# Couple Gets Paid to Drive Solar-Fueled Nissan LEAF



## Guest (Jul 19, 2011)

I charge my Leaf from Solar Too. Can't beat clean power. Check the blog.


----------



## Ziggythewiz (May 16, 2010)

So I guess you're getting paid to drive too? Does that check come from GM or GE?


----------



## Guest (Jul 20, 2011)

From El-Sol. Leaf is solar powered. 

Kia SUV 20mpg avg. 150,000 miles at $3 per gallon = $22,500 in fuel cost alone
Leaf $2 per 75 miles avg per charge at 2000 charges per 150,000 miles = $4000 fuel cost alone.

Net Savings of $18,500 bucks in my pocket saved. 

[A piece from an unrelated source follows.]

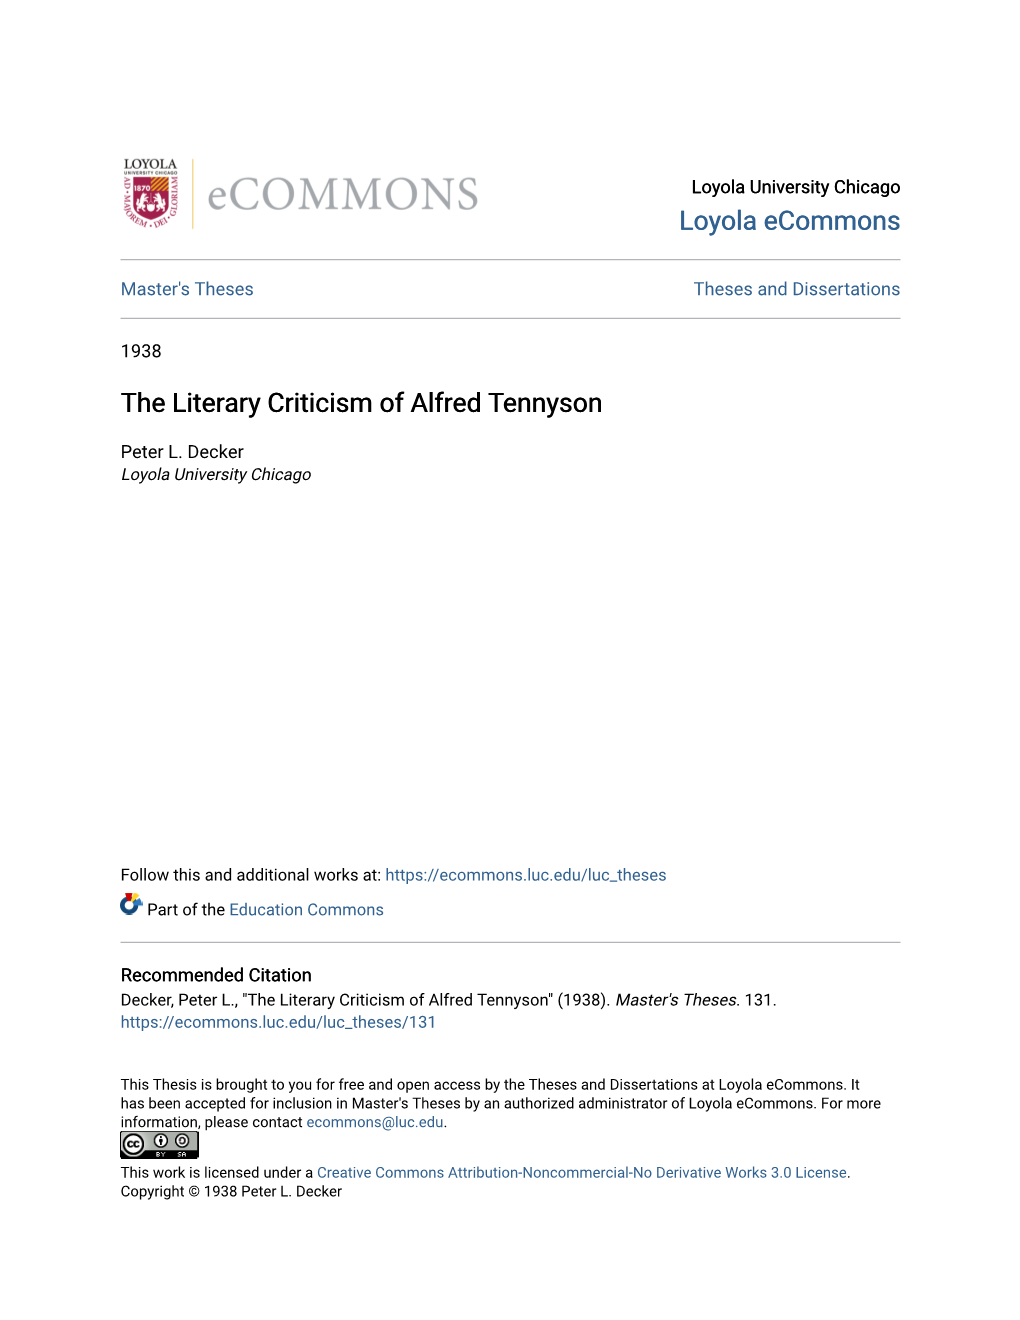 The Literary Criticism of Alfred Tennyson

Total cost after rebates for the Leaf. $27,500. Fuel cost for 150,000 miles = $4000
Total cost for the Kia SUV. $26,000. Fuel cost for 150,000 miles = $22,500.


----------



## Ziggythewiz (May 16, 2010)

Yeah, I understand the savings, just like I save $4-5/day driving my EV vs the gasser, but I would never say I'm being paid to drive it. I don't like false headlines.


----------



## Guest (Jul 20, 2011)

Those headlines make it sound like they are being paid by some company to drive and evaluate the vehicle. Dang, I wanna do that too. I actually like the way I am getting paid. Hell the savings in fuel alone are worth another whole car  Mmmmmm. Maybe another Leaf? Naaa. Not yet anyway.


----------



## Ziggythewiz (May 16, 2010)

Yeah, I thought they were being paid to beta test some Solar Leaf thing and wanted to know where to sign up. I can't afford either at the moment, but if someone wanted to foot the bill I'd be happy to provide feedback.


----------